One of Chef Katayama’s key suppliers is Yoshinouen, an eco-farm on the outskirts of Maebashi’s city center. Tomokazu Iyoku focuses on organic farming to produce a wide range of produce (around 100 different types throughout the year), from onions, leeks, and broccoli to European vegetables including radicchio, cavolo nero, and romanesco (a variety of cauliflower). Because Maebashi has historically been a center of wheat production, the city has an abundance of Italian restaurants. Iyoku visited many of them to promote his vegetables and met their requests to grow more European vegetables to suit their cuisine. Yoshinouen’s vegetables are now in demand at Michelin-starred restaurants in Tokyo.
According to Iyoku, Maebashi’s terrain and climate are ideal for farming. “We are surrounded by mountains, whose rich, volcanic soil accumulates here on the plain, while protecting the area from high winds and typhoons. We focus on careful soil preparation to suit each vegetable, such as water retention, breathability, acidity, and diversity of soil organisms, without the need for chemical fertilizers.” He says that the wide difference between day and night temperatures in Maebashi enhances the flavor and sweetness of the vegetables. Iyoku is particularly proud that his farm’s vegetables are used in school lunches across Maebashi. To encourage a new generation to appreciate Gunma’s agricultural heritage, Yoshinouen holds activities for schoolchildren to harvest vegetables and learn where their food comes from.
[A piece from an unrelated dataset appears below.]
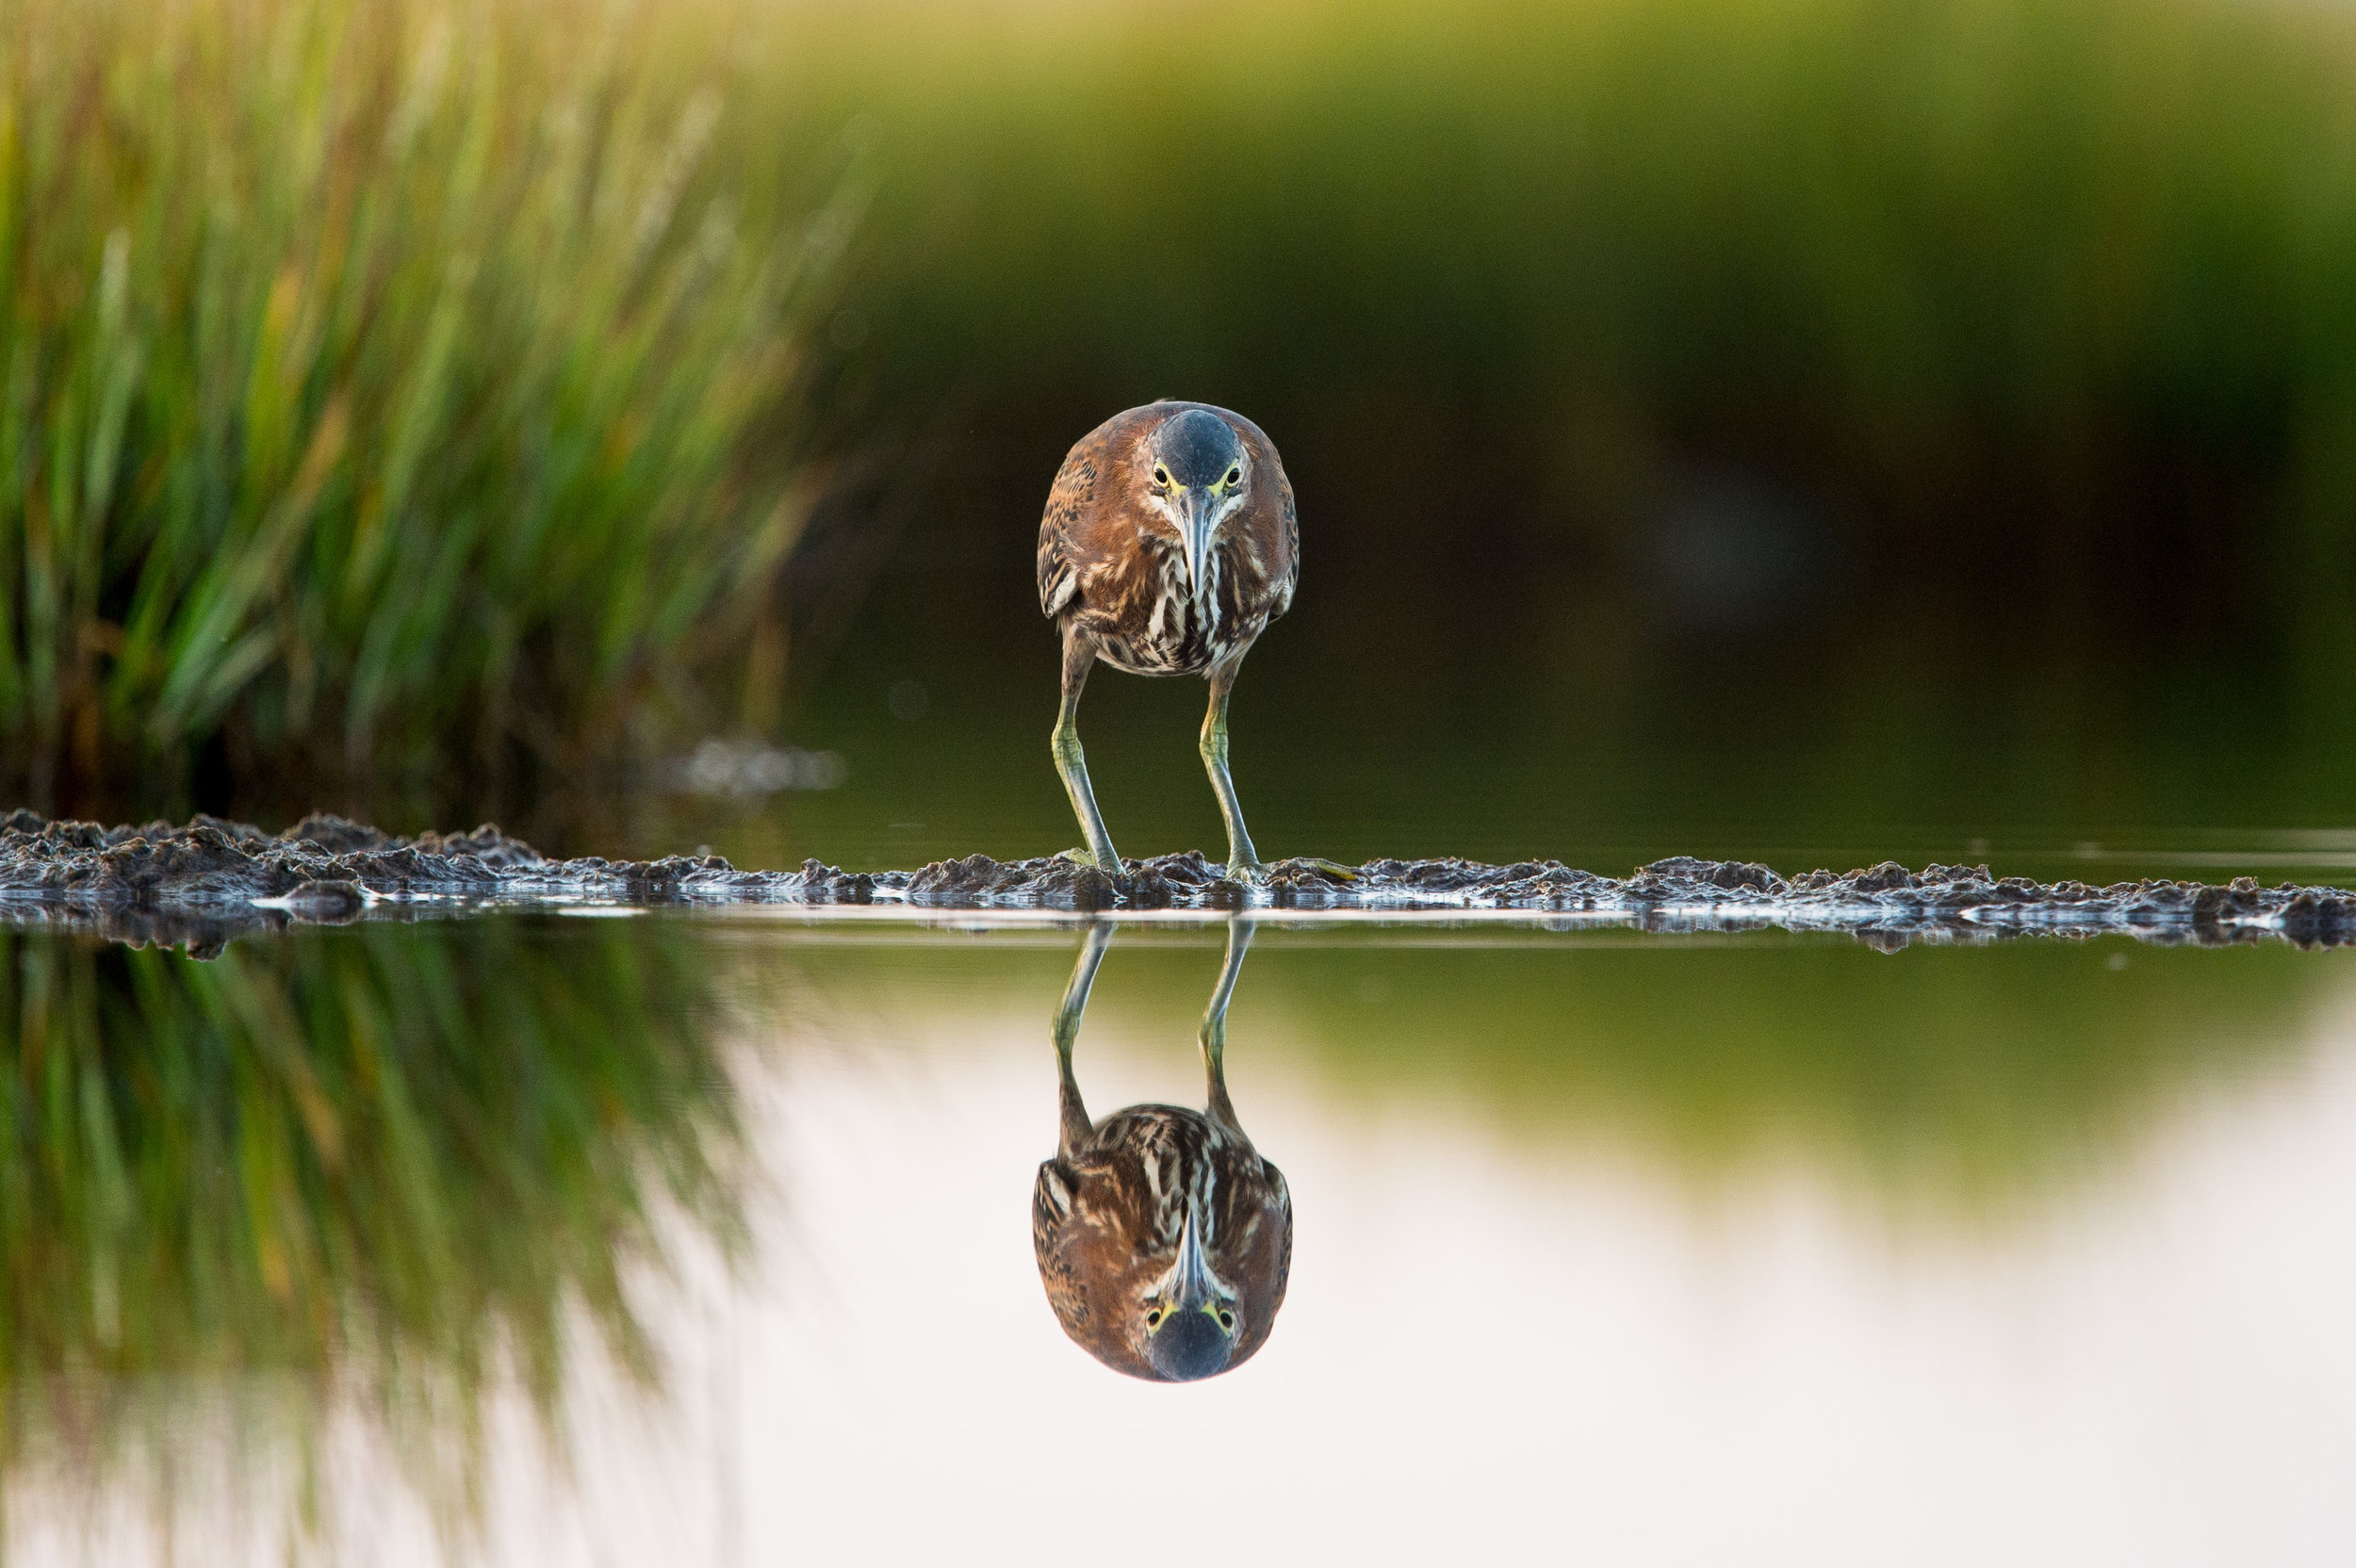 005_jersey_shorebirds.jpg

High on the slopes of Mt. Akagi, Toriyama Farm blends tradition with innovation in wagyu beef production. The farm enjoys cool mornings and evenings even in summer, providing an ideal environment for its cattle. The mild climate, coupled with the individual attention each animal receives, contributes to the production of tender, savory wagyu beef. The farm has around 1,400 head of Japanese Black cattle, raised from birth. The staff ensure that each animal leads a relatively stress-free life, which promotes a friendly, relaxed disposition and optimal health.
Makoto Toriyama, the third-generation president, says that he prioritizes flavor and balance over excessive marbling to create “wagyu beef with a mild umami taste, refined fats, and a delicate texture.” He notes that it is important to understand the beef from the perspective of his customers, from chefs to consumers. “I urge the beef producers I work with to try their beef at top restaurants. You need to understand how it is prepared and what chefs are looking for when they buy our beef,” he says.
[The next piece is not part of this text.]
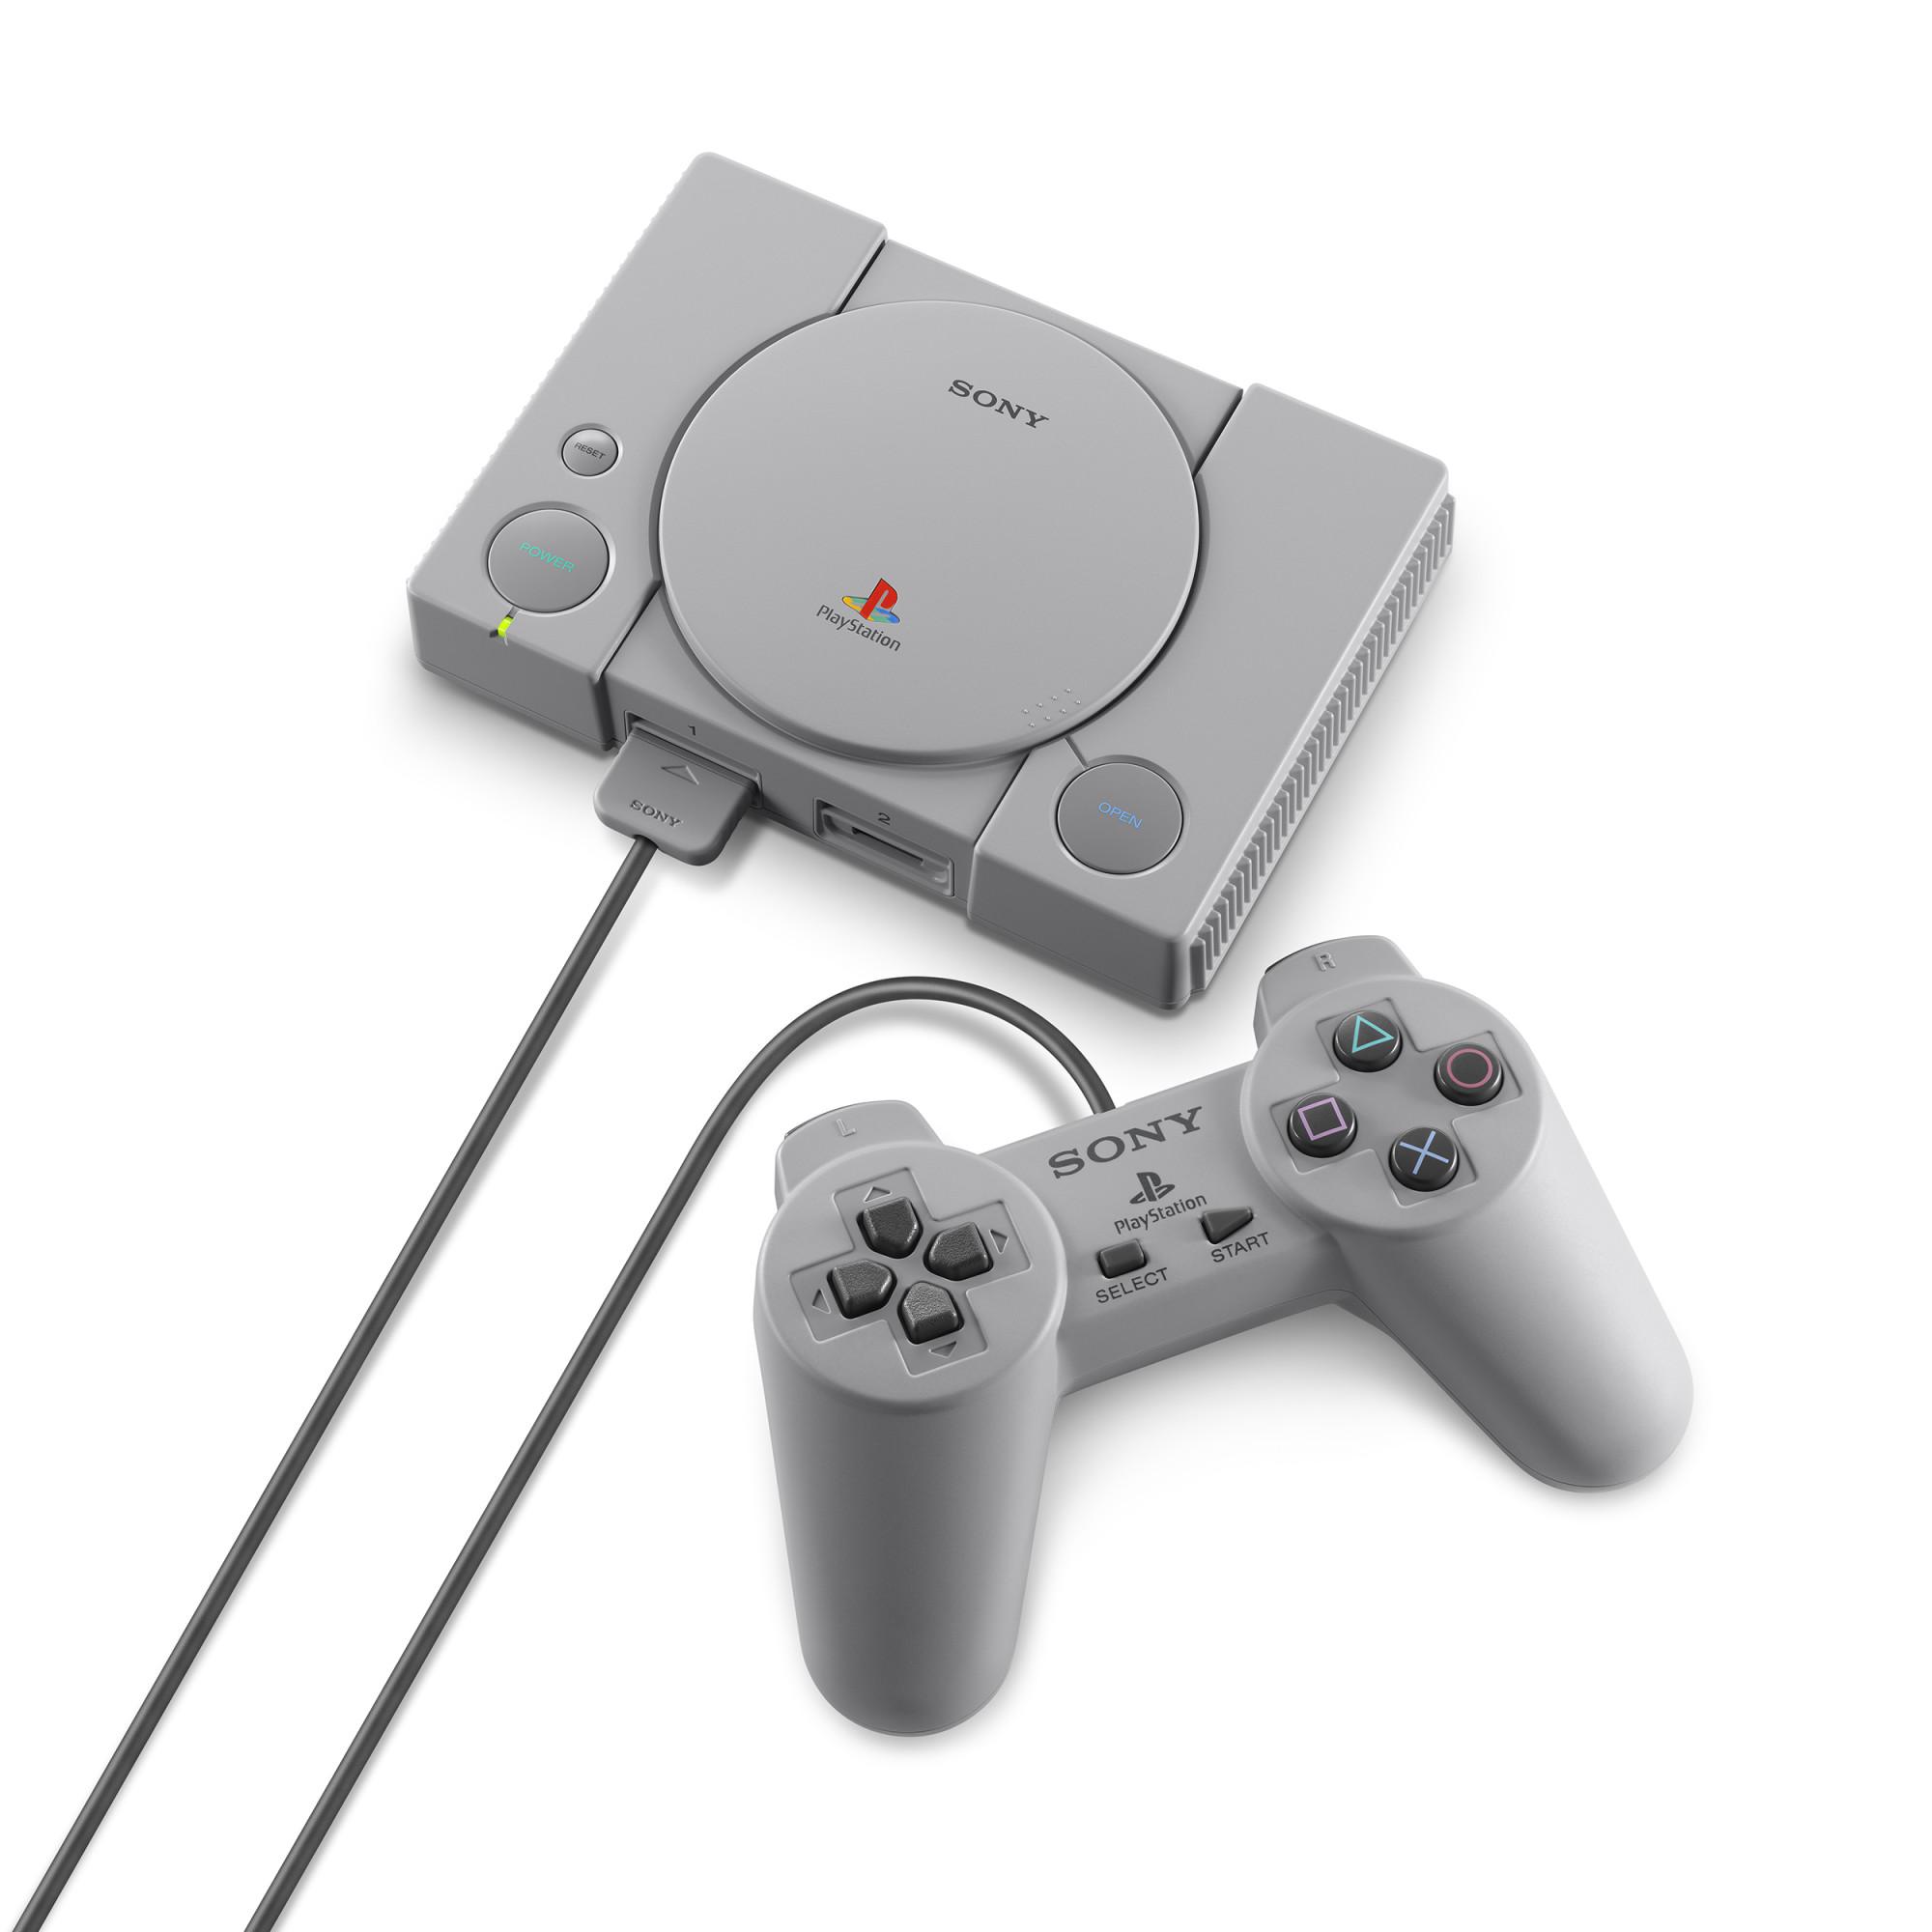 Consola Sony Playstation Classic + 20 jocuri preinstalate 8

Toriyama Farm is at the forefront of innovation in wagyu production, using advanced technology to measure monounsaturated fatty acids (MUFA) as an indicator of flavor. This approach ensures consistently high-quality beef with a perfect balance of umami taste and refined fat. Detailed records of over 6,000 cattle—including diet, health, and growth patterns—are analyzed to improve production methods. Toriyama Umami Wagyu is served at top-level restaurants in Japan and overseas.
It takes about 80 minutes to reach Shiroiya Hotel in Maebashi by train and bus from Tokyo. Joetsu and Hokuriku Shinkansen trains from Tokyo Station reach Takasaki Station in under 1 hour. Transfer at Takasaki Station to a local Ryomo Line train to Maebashi Station. From there, take a Maebashi-Shibukawa Line bus (around 5 minutes) to the hotel. Alternatively, you can walk (around 15 minutes), or take a taxi.